6:07 am on 18 October 2016

Anti-immigrant rhetoric has prompted the Green Party to release its new, population-based immigration policy.

Green Party co-leader James Shaw speaking after Budget 2016.

Green Party co-leader James Shaw. Photo: RNZ/Elliott Childs

Party co-leader James Shaw said it would put a cap on overall net migration at 1 percent of the population, including returning New Zealanders.

He said that would help to smooth out numbers from year to year and avoid massive spikes.

Mr Shaw said under the policy, immigration numbers would have been about half what they have been this year, but in other years the numbers could rise.

The policy comes after moves by the government last week to reduce the number of new residents, including cuts to the number allowed into New Zealand under the Family Category.

Mr Shaw said the aim of the policy was for better planning, and less hostility towards immigrants.

"The debate around immigration is kind of being captured by those voices who are just simply anti-immigrant, and we really want to make sure that doesn't happen.

"We know that immigration is becoming more of a concern for people and in my experience the vast majority of people aren't concerned about immigrants, they're concerned about the impact on house prices, and infrastructure."

Green Party co-leader James Shaw, left, and Labour leader Andrew Little at a climate march in Auckland.

Mr Shaw and Labour leader Andrew Little at a climate march in Auckland earlier this year. Photo: RNZ / Alex Ashton

Labour prefers flexibility on immigration

Labour's leader Andrew Little said the two parties were not poles apart on immigration, in light of the Greens' new policy, but questioned whether there should be a set, rigid number.

Labour has a Memorandum of Understanding with the Greens, primarily to work closely together to present an alternative government.

Winston Peters at the Bridge run.

New Zealand First leader Winston Peters Photo: RNZ / Rebekah Parsons-King

But Mr Little said Labour would prefer to be more flexible on immigration, to allow for changing economic conditions.

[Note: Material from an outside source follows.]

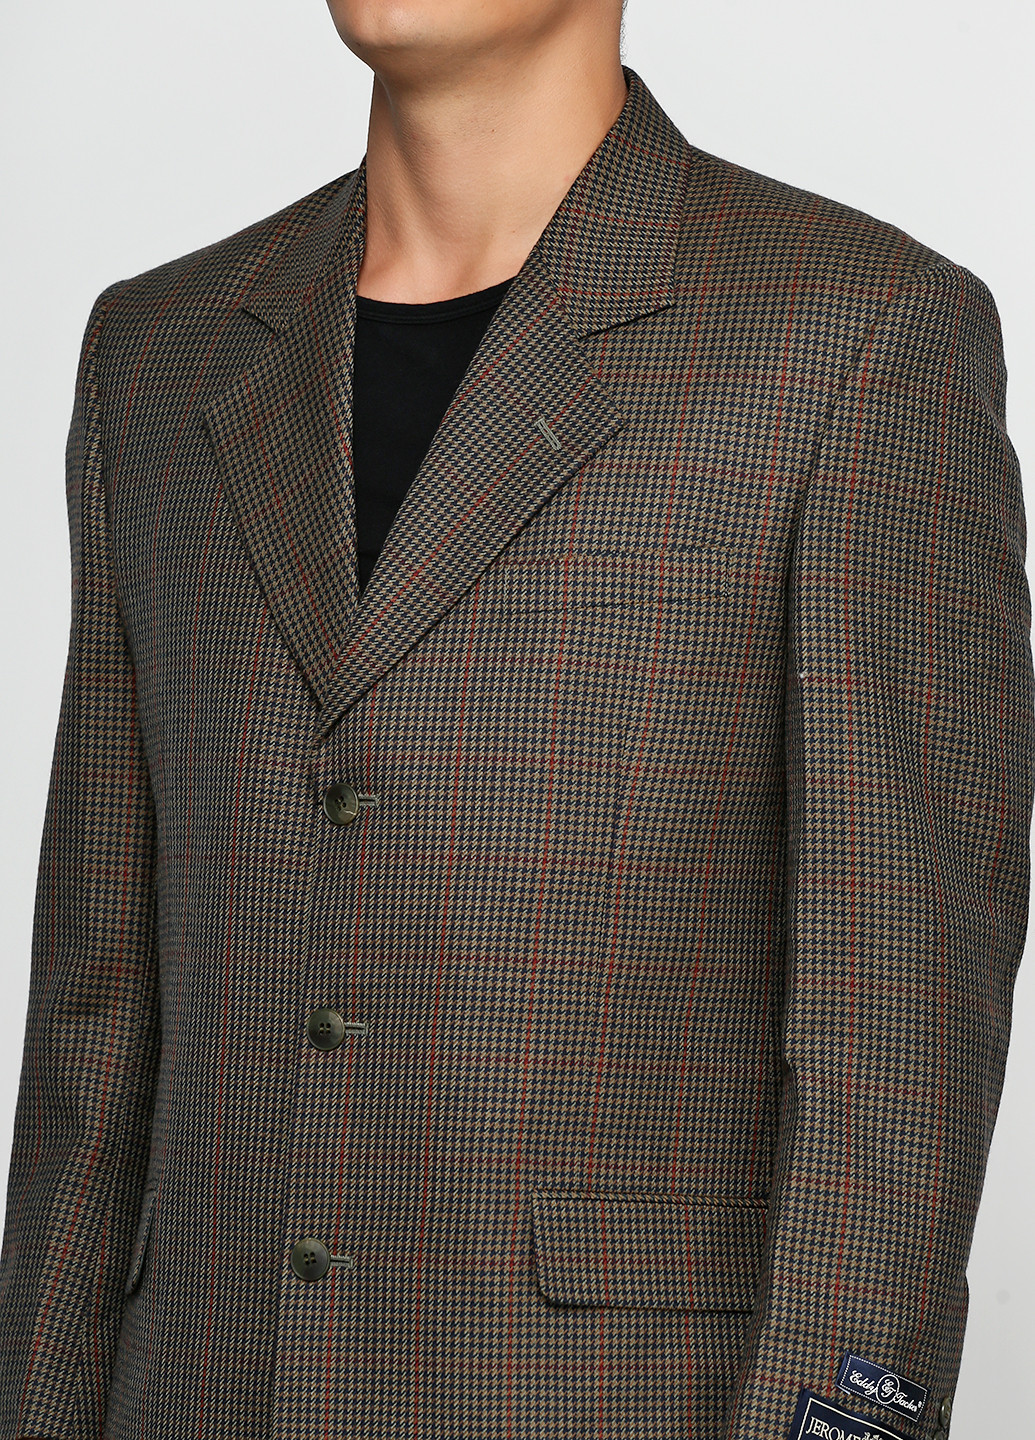 Пиджак Eddy Jacker с длинным рукавом клетка оливковый кэжуал

"That's the problem when you set an upper target as some other parties are talking about, or a percentage of the population, I think that has rigidities in it that you don't get to manage immigration to meet needs as they change from time to time."

New Zealand First leader Winston Peters, who has long argued for cuts to immigration, said finally he and the Greens were in agreement.

But he was scathing about what he called their "Road to Damascus".

"The Greens have always stood on a pedestal, looking down their noses, claiming the high moral ground as New Zealand First warned that immigration was strangling our public services, cutting Kiwis out of jobs, and helping push house prices up."

Mr Peters said only a month ago the Greens said they were not 'rushing into any decisions on immigration', and the new policy was a major turn around.

"The party that claims it's for as much diversity in the population as we can get reveals there are problems with a soaring population.

"Who will call who racist and xenophobic now?," he said.